Decision expected soon in the Providence lawsuit.

As regular Monitor Monday listeners know, we have been closely tracking the progress of data analysis firm Integra Med Analytics’ whistleblower lawsuit against Providence Health and its consultant J.A. Thomas and Associates, Inc. (JATA), alleging a conspiracy between Providence and JATA to upcode for major complications or comorbidities (MCCs). Although the federal government declined to join the case in August 2018, Integra Med Analytics has continued to proceed on the government’s behalf, as is its right. 

This case is being closely watched by healthcare industry experts because it is reflective of a growing trend of data analysis firms-turned-whistleblowers reviewing the mountains of Medicare claims data the Centers for Medicare & Medicaid Services (CMS) has made publicly available and launching whistleblower cases when they find patterns in the data that are indicative of fraud. These firms seek to develop independent, non-public information confirming that the patterns were a product of fraud and cannot be explained away by a competing, innocent explanation. 

In this case, Integra alleges that it analyzed seven years’ worth of CMS claims data (from 2011 to 2017) for a subset of Providence hospitals that used JATA as a consultant and found that those hospitals were statistically more likely than other hospitals to add to a hospital claim three secondary diagnoses/MCCs  in particular – encephalopathy, respiratory failure, and malnutrition – that can increase a hospital’s Medicare payments by $1,000 to $25,000 per claim. According to its complaint, Integra conducted what it describes as an exhaustive, multi-faceted investigation, whereby it interviewed former employees of Providence and JATA and reviewed their marketing materials in a bid to show that Providence’s alleged false claims were not only intentional, but part of a systematic effort to boost Medicare revenue. Integra’s complaint is replete with references to internal documents allegedly containing examples of JATA coaching and steering Providence doctors to upcode for CCs and MCCs.

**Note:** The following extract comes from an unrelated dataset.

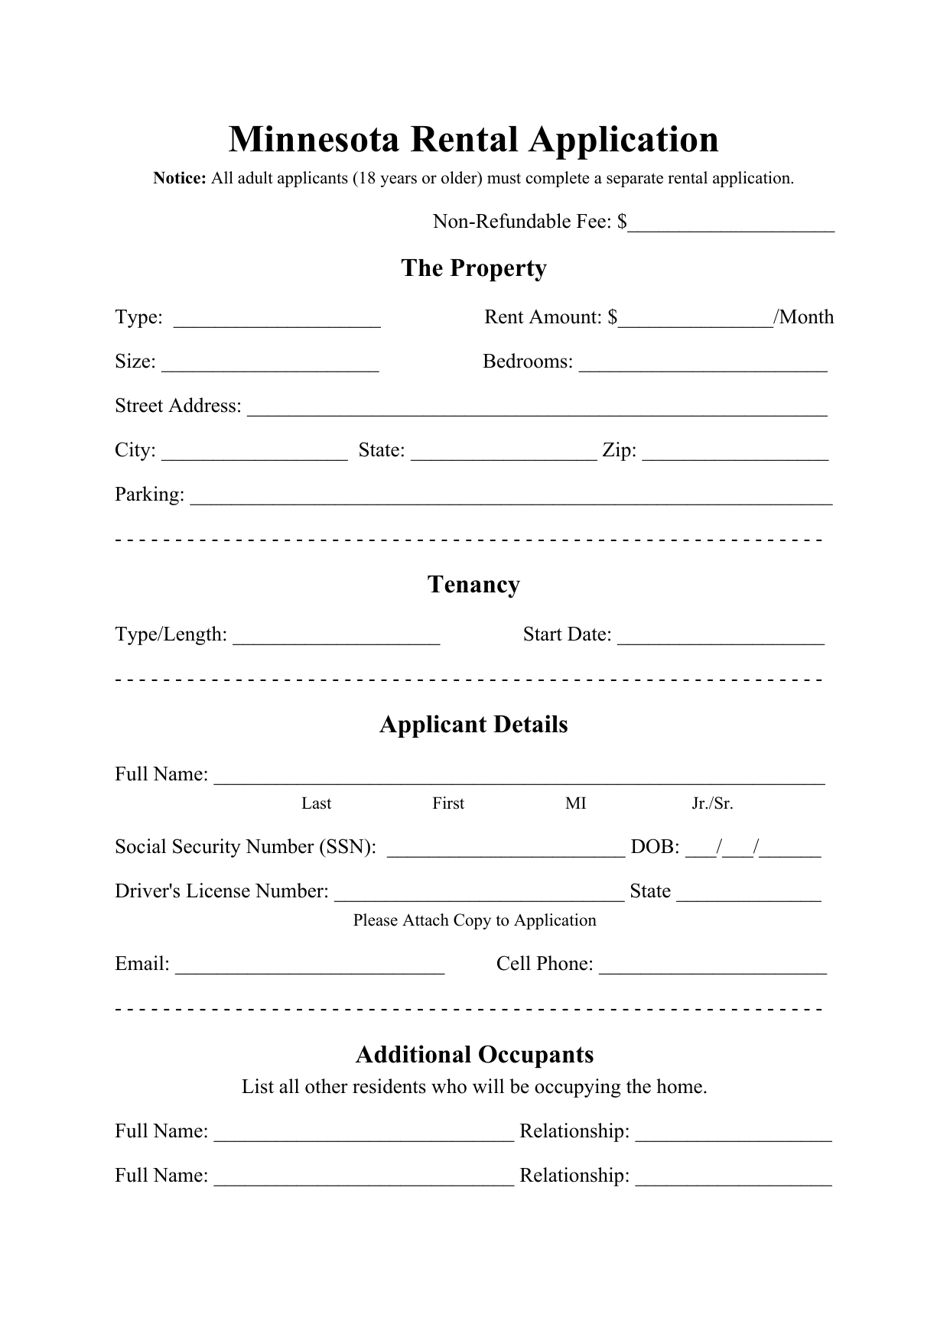 Rental Application Form - Minnesota, Page 1

Last week, federal judge Philip Gutierrez heard oral argument from the parties on Providence Health’s and JATA’s motions to dismiss the case. The defendants’ primary argument is that Integra’s lawsuit is precluded by the False Claims Act’s public disclosure bar, which seeks to prevent parasitic whistleblowers that simply read about a fraud scheme in the press from filing a case and sharing in the government’s recovery. The public disclosure bar allows the judge to dismiss a whistleblower case if it is based on information already in the public domain, unless the whistleblower is the original source of the information. 

According to the defendants’ argument, by relying on Medicare claims data, and given the prevalence of public U.S. Department of Health and Human Services (HHS) Office of Inspector General (OIG) reports regarding the incorrect coding of particular MCCs for conditions such as Kwashiorkor, Integra has simply repurposed publicly available information to file its complaint, and it should be dismissed. In response, Integra argues that it has supplied ample non-public information in the form of internal JATA documents and statements from former JATA employees demonstrating that the alleged upcoding was part of an intentional effort to improperly boost Medicare reimbursement. After hearing the parties’ arguments, the judge did not issue a ruling, but instead took the matter under submission.

The next day, Judge Gutierrez issued an order asking the parties to provide supplemental briefs on two issues arising from the oral arguments, and in so doing he has given us a good sense of where he may be leaning in terms of his ultimate decision. In his supplemental order, Judge Gutierrez noted that he was not convinced by defendants’ argument that all information generally available online can constitute “news media” that has been publicly disclosed. In an era in which most traditional print journalism has moved online to join the growing proliferation of news websites of unknown origins, including corporate outlets masquerading as objective journalism and a vast array of social media platforms on which individuals and organizations can self-publish, it can be difficult to determine where to draw the line between legitimate news media (of which the government can be expected to have taken notice) and information that can be relegated to the general background noise of the Internet. Judge Gutierrez, who is clearly grappling with this question, has sought additional briefing from the parties on how to create a workable standard. 

Specifically, Judge Gutierrez has asked the parties to “address the level of generality at which the Court should look at these (online) sources; for example, should it decide whether YouTube as a whole is a news media source, or should it instead look at the individual YouTube account at issue? Finally, for each piece of information about JATA’s business practices that Defendants argue has been publicly disclosed, the parties should address why it has or has not been publicly disclosed from the news media under the standard they propose.”

The resolution of this matter now appears to hinge on how the judge answers this precise question. For instance, if the YouTube channels and online chat rooms at issue are considered news media, Integra’s allegations will have been publicly disclosed and its complaint will be dismissed (unless the court determines Integra is an original source of this information, which is unlikely). Alternatively, if the YouTube channels and online chat rooms at issue are not considered news media, Integra’s complaint is expected to stand. 

We will be watching out for the parties’ supplemental briefs, which are due to be filed on March 8. Once the briefs are in, we expect the judge’s ruling to follow in the ensuing weeks, perhaps even as early as the end of March.